Using Scratch 3 and a distance sensor, you will write code to move a sprite on-screen in real time to sketch a displacement-time graph of the motion of an object (or person!) moving towards and away from Marty.

Using information from Marty's distance sensor, an on-screen sprite will move in real-time to sketch a displacement-time graph of the motion of an object moving towards and away from the distance sensor.

what you will need

What will you learn about?

  • How to use the distance sensor to control an on-screen sprite
  • How to use lists, variables, operator and control blocks
  • How to add pen blocks

extra information for educators

This cross-circular activity can be linked to the Responding to Our Environment and Programming Concepts 2 lesson packs.

As this activity uses concepts from Physics often investigated when studying forces and motion, the activity also partially addresses benchmarks in the following curriculum areas:

  • Curriculum for Excellence (Sciences)
  • National Curriculum (Science)
  • F-10 Curriculum (Science)

Using the distance sensor

You can find a helpful guide to the distance sensor in the distance sensor introduction activity. This also gives you instructions for connecting the distance sensor to Marty.

When the distance sensor is connected, you are ready to start. Remember not to cover the distance sensor! The distance sensor sends out infrared light which hits the object in front of the sensor. Some infrared light bounces off the object back to the receiver in the sensor. This light is used to estimate far away the object is from the sensor.

 In your project, the distance sensor will appear as proximity sensor in the Scratch 3 interface. If you click on the tick box next to proximity sensor (as shown below) then the sensor measurements will appear on your screen. If you want to hide the sensor readings, then click on the box again

The proximity sensor readings will change as an object is moved towards and away from Marty.

Hint: Try moving an object (or even just your hand) in front of the sensor - look at the sensor readings on screen. What happens to the readings when the object is close to the sensor? What about when the object is far away?
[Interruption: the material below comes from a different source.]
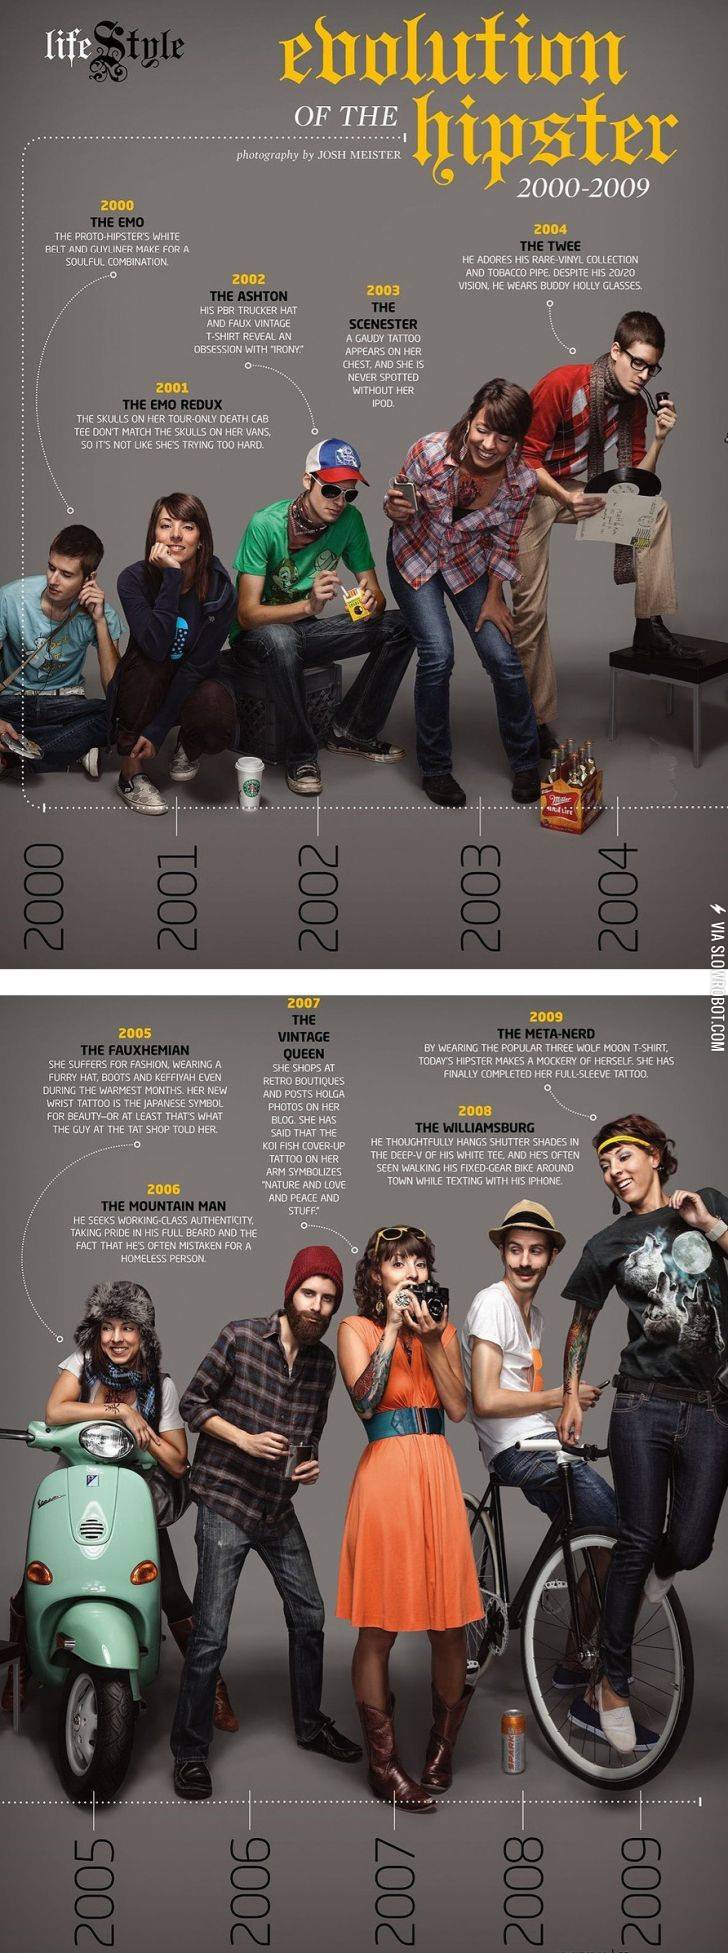 tHE+EVOLUTION+OF+THE+HIPSTER

What is a DISplacement-time graph?

A displacement-time graph shows how the displacement of an object changes with time. It is an idea often used in Physics or Engineering when we want to study the motion of an object. The displacement of an object is how far it has moved and in what direction.

Our graph will be a sketch graph because we are not going to plot actual displacement measurements on the y-axis. This is because the proximity sensor gets its information from light signals as explained above. Our graph will show how the motion of the object changes with time though.
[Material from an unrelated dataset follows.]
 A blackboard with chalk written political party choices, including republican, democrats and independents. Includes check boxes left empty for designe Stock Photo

The proximity sensor can only get information about an object directly in front of it so the direction of motion of the object needs to be towards and/or away along a straight line in front of Marty.
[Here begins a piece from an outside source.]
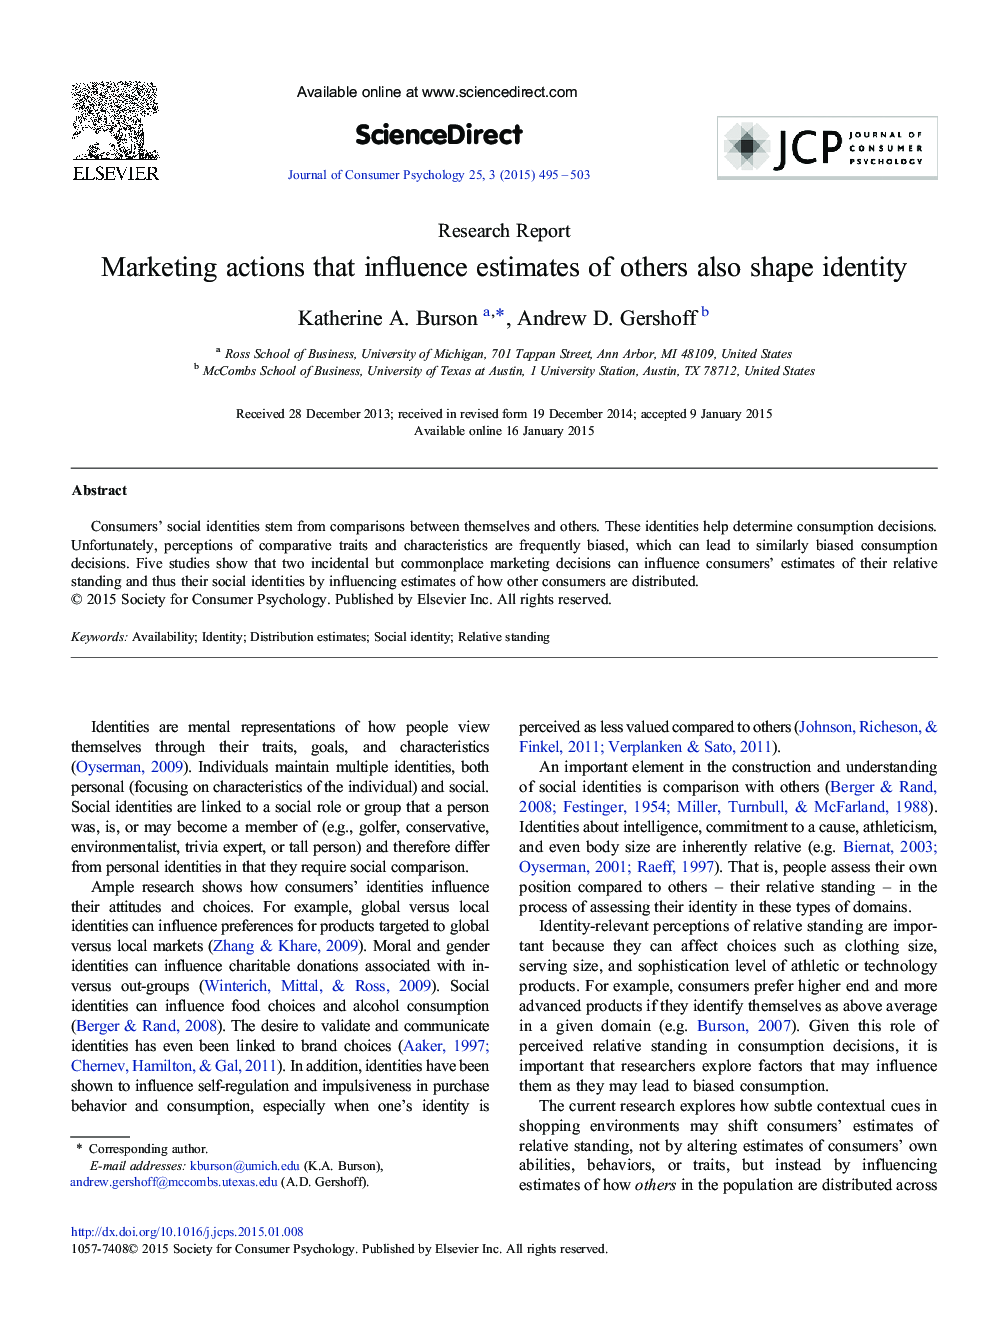 Marketing actions that influence estimates of others also shape identity

Here is an example displacement-time graph made earlier:

Displacement is shown on the y-axis and time is along the x-axis.  

If the line on the graph is horizontal, then the object is at rest or stationary. This means that it is not moving either towards or away from Marty so its displacement is not changing with time. The gradient (slope) here is zero.

If the slope of the graph is downwards, then the displacement of the object from Marty is decreasing and it is getting closer.

If the slope of the graph is upwards, then the displacement of the object from Marty is increasing and it is getting further away.

When an object moves faster, the gradient of the graph gets steeper. We can use the gradient of the graph to tell us about the object's velocity. This is because velocity is the change in displacement in a certain time interval. Velocity tells us how fast an object is moving and in what direction.

Challenge ONE:

You can find out a lot about an object's motion from looking at a graph. Can you play detective and use the information about displacement-time graphs to describe, in detail, the journey of the object that produced the graph shown in the example?

Here are some things to think about for each part of the graph:

  • Is the object moving or at rest? Look out for horizontal sections on the graph! 
  • Is the displacement of the object increasing or decreasing? Is the slope upwards on downwards on the graph?
  • How quickly is object moving? How steep is the slope of the graph? 

I need some help!

This graph shows that the object's motion is:

  • a at rest
  • b moving very quickly towards Marty
  • c at rest for a short time
  • d moving slowly away from Marty but not all the way back to the starting point
  • e at rest for a short time again
  • f moving even more slowly even closer to Marty
  • g at rest for a short time again
  • h moving away from Marty and slowly down a little bit
  • i moving very quickly away from Marty until just beyond the starting point
  • j at rest until the end

Phew! I bet you didn't realise quite how much information a simple sketch graph can show us! This is why they are so useful.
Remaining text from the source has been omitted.